#### Work request
Output, word for word, the line that contains "Master Chief sky diving in the Halo TV show" and all lines following it to the end of the listing. Drop the pictures.

#### Exercise data
↓

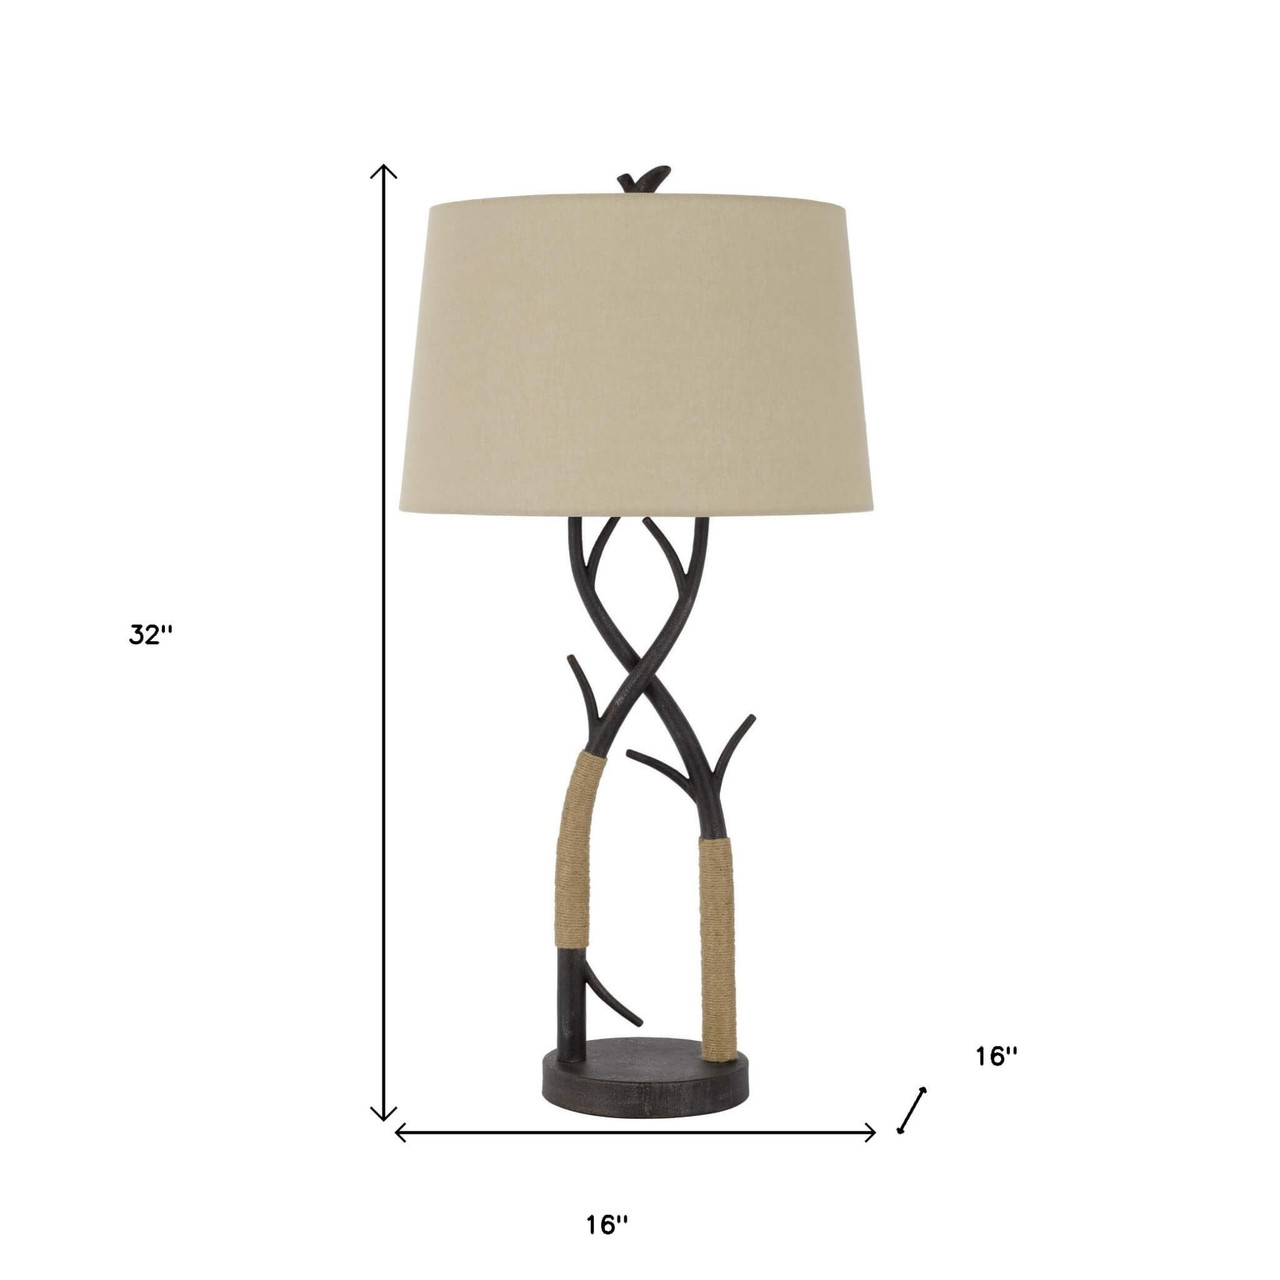 32" Charcoal Metal Table Lamp With Tan Empire Shade - Chicken Pieces
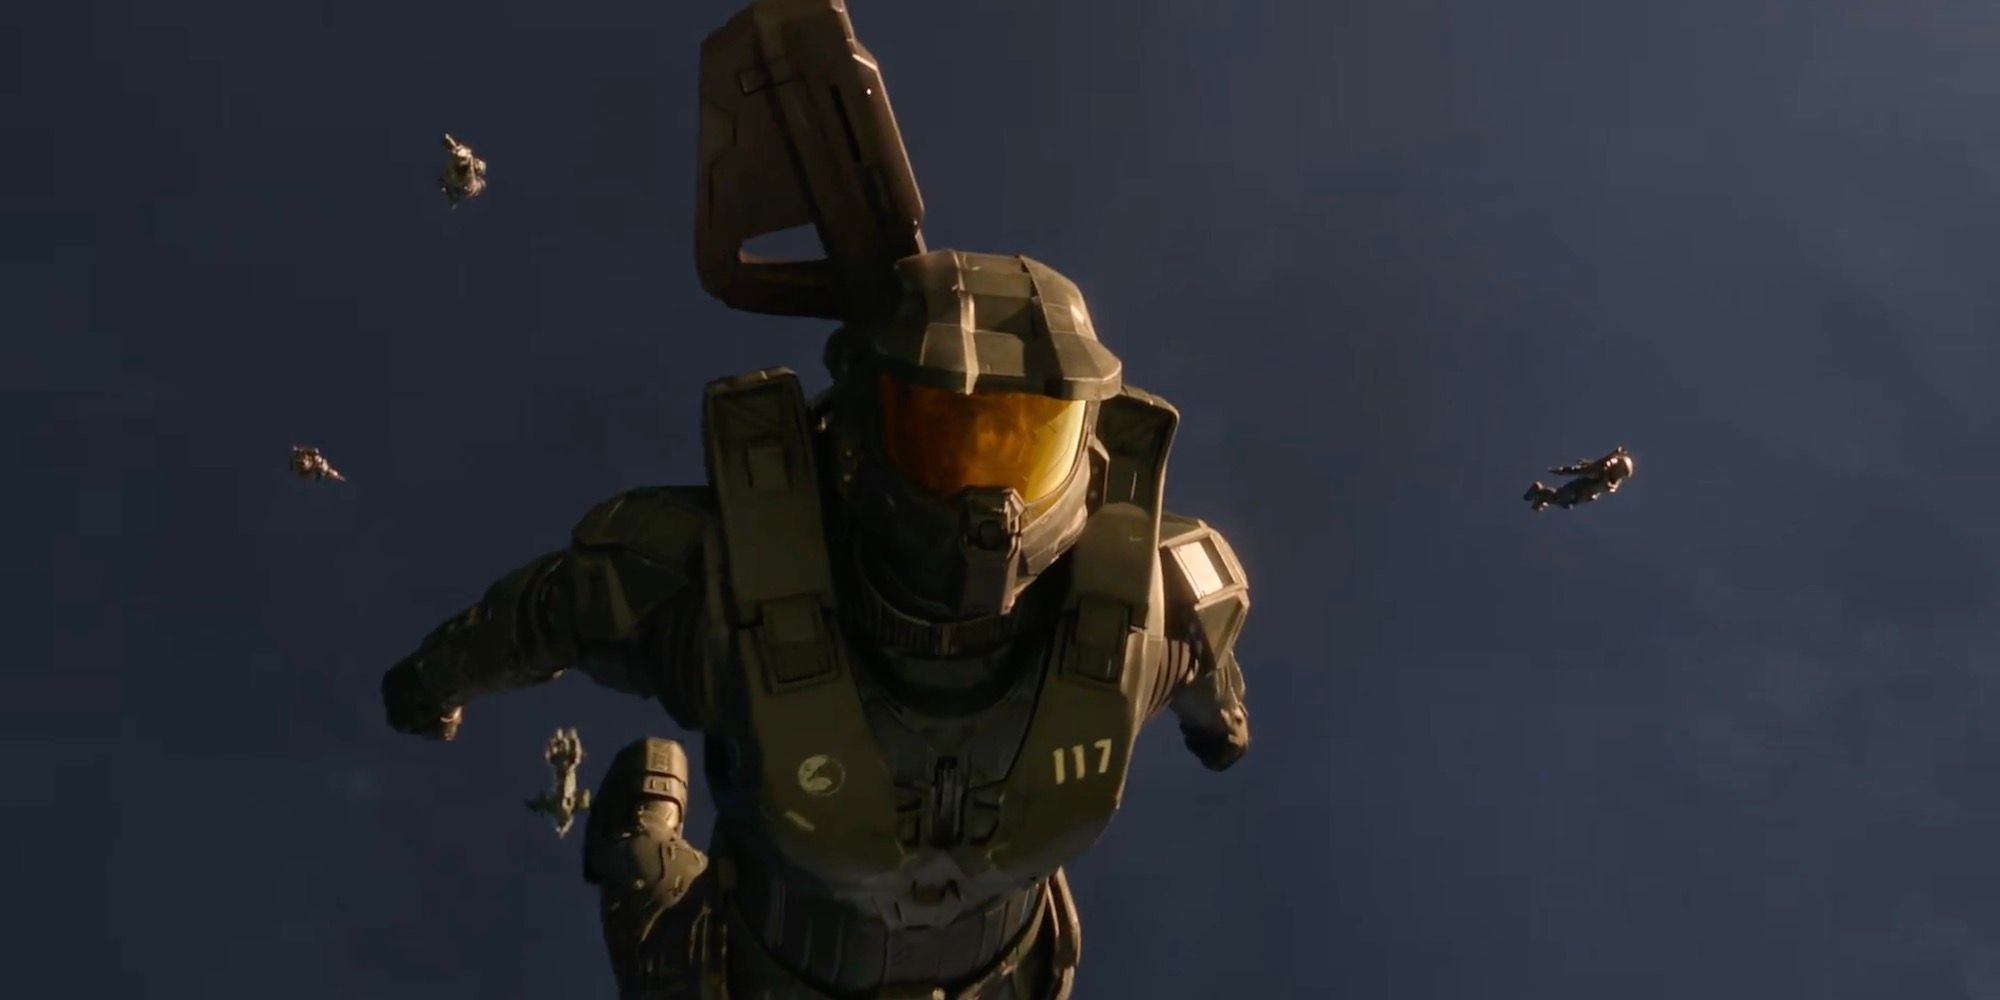 Master Chief sky diving in the Halo TV show
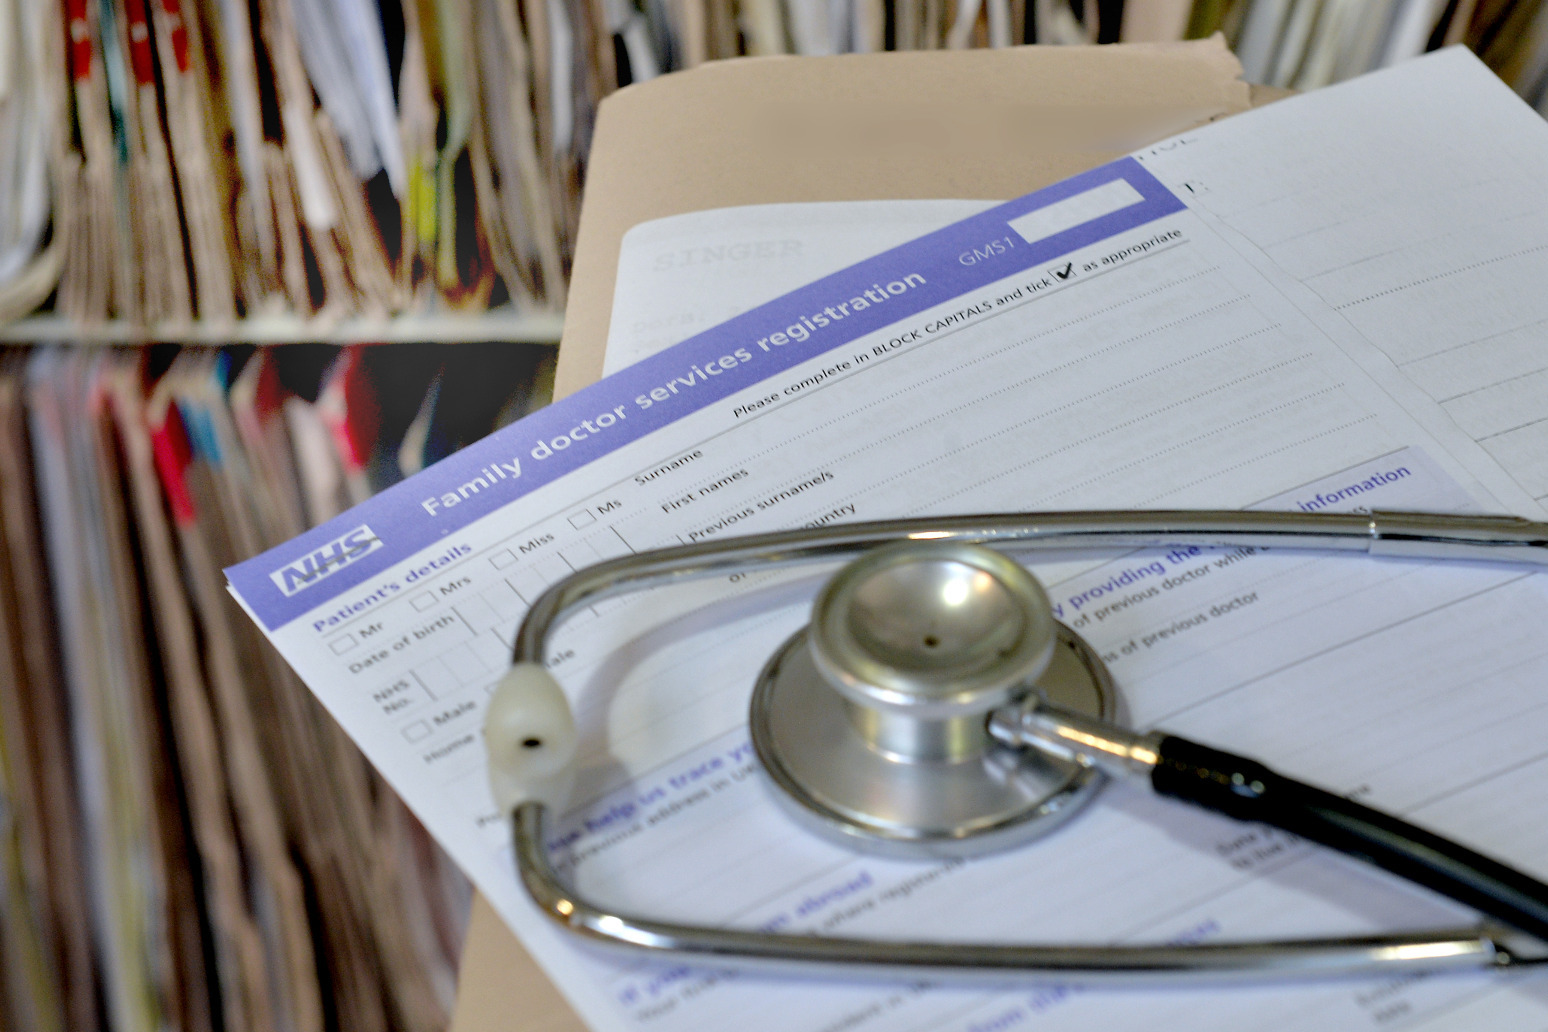 Help needed to back quality care for patients amid GP workloads

↑

#### Output
 Master Chief sky diving in the Halo TV show
 Help needed to back quality care for patients amid GP workloads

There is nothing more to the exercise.